Training the Neural Network...
Epoch 0, Loss: 0.5025
Epoch 1000, Loss: 0.3922
Epoch 2000, Loss: 0.1850
Epoch 3000, Loss: 0.1094
Epoch 4000, Loss: 0.0796
Epoch 5000, Loss: 0.0639
Epoch 6000, Loss: 0.0542
Epoch 7000, Loss: 0.0475
Epoch 8000, Loss: 0.0426
Epoch 9000, Loss: 0.0388

Training complete!
Final Loss: 0.0358


## 5. Make Predictions (Test the network)

In [22]:
print("\nPredictions after training:")

# You can use the same forward propagation logic to test with new data
def predict(X_new):
    layer1_input_test = np.dot(X_new, weights_input_hidden) + bias_hidden
    layer1_output_test = sigmoid(layer1_input_test)

    layer2_input_test = np.dot(layer1_output_test, weights_hidden_output) + bias_output
    predicted_output_test = sigmoid(layer2_input_test)
    return predicted_output_test

# Test with our training data to see how well it learned
predictions = predict(X)
print("Input:\n", X)
print("Actual Output:\n", y)
print("Predicted Output (Raw):\n", predictions)
print("Predicted Output (Rounded):\n", np.round(predictions))

# You can also test with a single new input
new_input = np.array([[0, 1]])
new_prediction = predict(new_input)
print(f"\nPrediction for input {new_input}: {new_prediction[0][0]:.4f} (Rounded: {np.round(new_prediction)[0][0]})")



Predictions after training:
Input:
 [[0 0]
 [0 1]
 [1 0]
 [1 1]]
Actual Output:
 [[0]
 [1]
 [1]
 [0]]
Predicted Output (Raw):
 [[0.03]
 [0.96]
 [0.96]
 [0.04]]
Predicted Output (Rounded):
 [[0.]
 [1.]
 [1.]
 [0.]]

Prediction for input [[0 1]]: 0.9645 (Rounded: 1.0)


# Explanation of the Code:
1. **sigmoid(x) and sigmoid_derivative(x):**
- The sigmoid function squashes any input value between 0 and 1. This is useful for probabilities or when you need a smooth, differentiable activation.
- Its derivative is crucial for backpropagation, as it tells us the "slope" of the activation function at a given point, which helps determine how much to adjust the weights.
  
2. **Dataset (X and y):**
- X: Our input data, representing the four possible combinations for the XOR problem ([0,0], [0,1], [1,0], [1,1]).
- y: The corresponding desired output for each input (0 for [0,0], 1 for [0,1], 1 for [1,0], 0 for [1,1]).
  
3. **Network Parameters:**
- np.random.seed(1): Ensures that the random weight initialization is the same every time you run the code, making results reproducible.
- input_neurons, hidden_neurons, output_neurons: Define the architecture of our network.
- weights_input_hidden, bias_hidden, weights_hidden_output, bias_output: These are the learnable parameters.
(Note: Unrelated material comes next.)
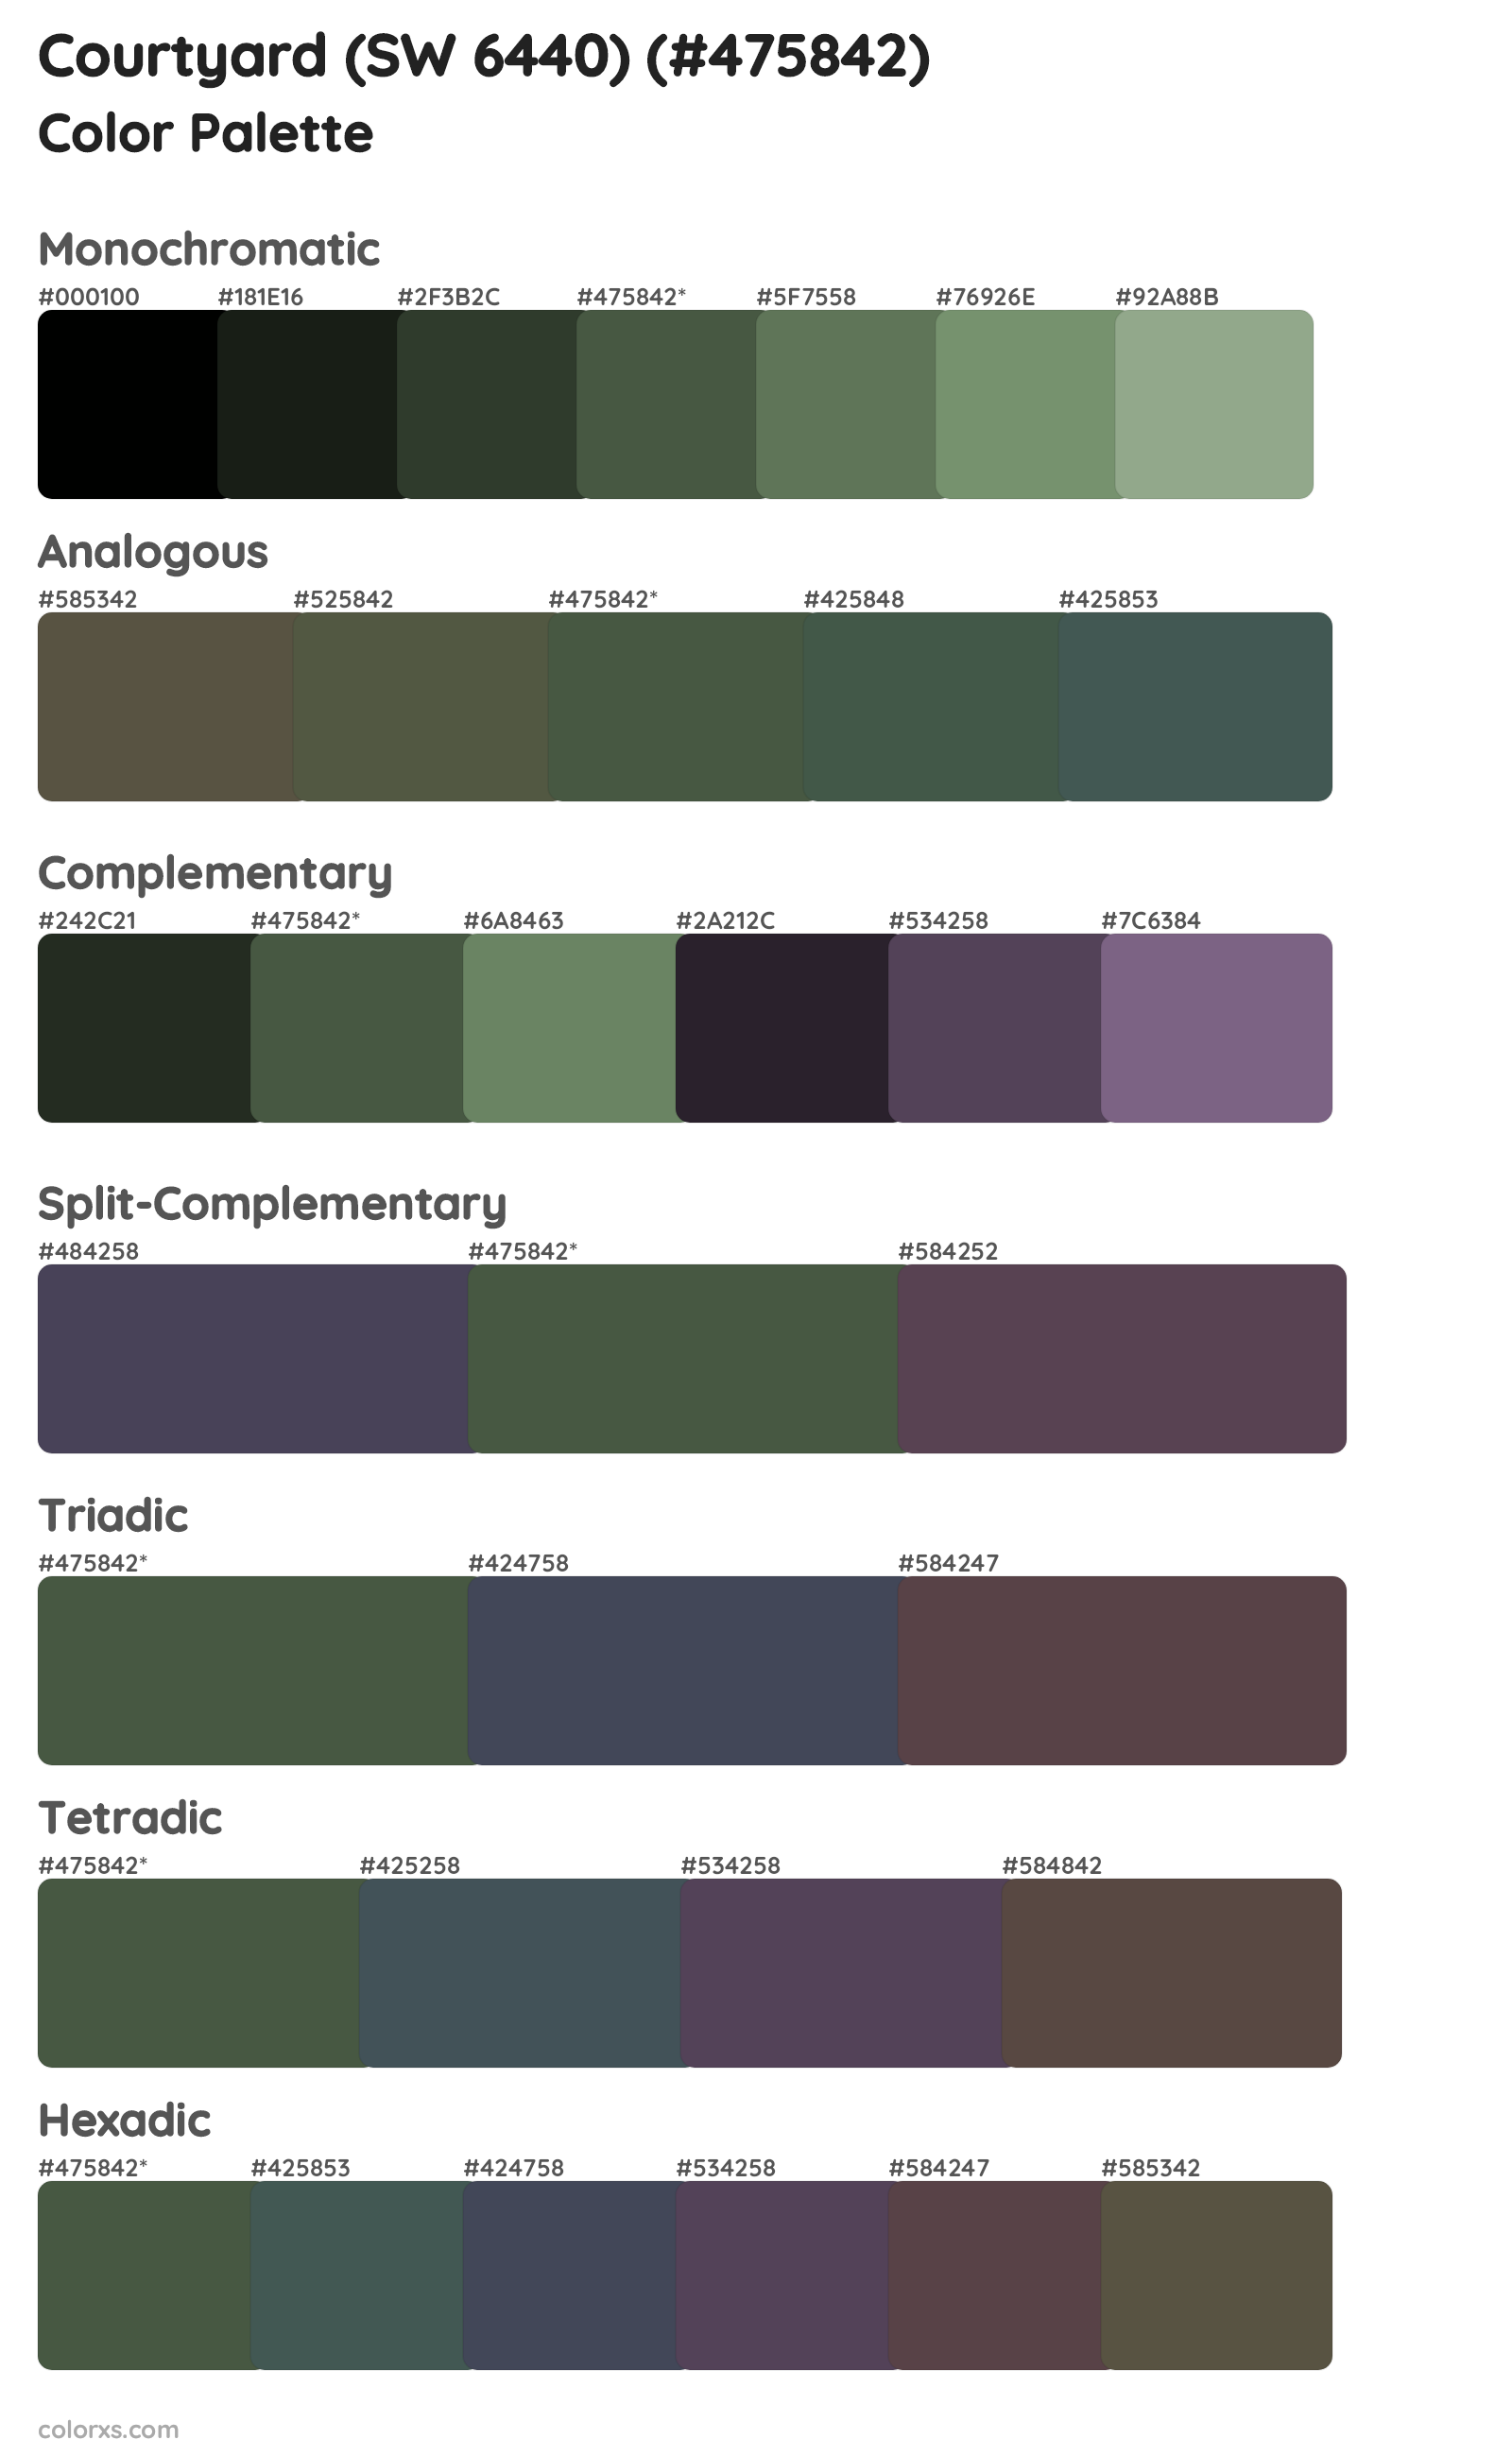 Courtyard (SW 6440) Color Scheme Palettes

They are initialized randomly (weights) or to zeros (biases) to break symmetry and allow the network to learn different features. The 2 * np.random.random(...) - 1 initializes weights between -1 and 1.

4. **Training Loop (for epoch in range(epochs)):**
- **epochs:** The number of times the entire dataset is passed forward and backward through the neural network. More epochs generally lead to better learning, but too many can lead to overfitting.
- **learning_rate:** Controls the step size during weight updates. A smaller learning rate means slower but potentially more stable learning. A larger learning rate can speed up training but might overshoot the optimal solution.
- **Forward Propagation:**
  - layer1_input: The weighted sum of inputs plus the bias for the hidden layer. This is Z = WX + B.
  - layer1_output: The result of applying the sigmoid activation function to layer1_input. This is A = sigmoid(Z).
  - The same process is repeated for the output layer.
- **Backpropagation:**
  - **output_error:** The difference between what the network should have predicted (y) and what it actually predicted (predicted_output). This is our primary error signal.
  - **output_delta:** This is the error scaled by the derivative of the output layer's activation function. This tells us how much to change the output layer's weights.
  - **hidden_error:** To calculate the error for the hidden layer, we backpropagate the output_delta through the weights_hidden_output. This tells us how much each hidden neuron contributed to the output error.
  - **hidden_delta:** Similar to output_delta, but for the hidden layer.
- **Update Weights and Biases:**
  - weights_hidden_output += ...: We update the weights by adding a fraction (learning_rate) of the dot product of the previous layer's output (which is the input to these weights) and the delta for the current layer.
  - bias_output += ...: Biases are updated by summing the delta values and multiplying by the learning rate. This effectively pushes the activation up or down.
  - The same update logic applies to weights_input_hidden and bias_hidden.

5. **Making Predictions:**
- After training, the predict function essentially performs forward propagation using the learned weights and biases on new input data.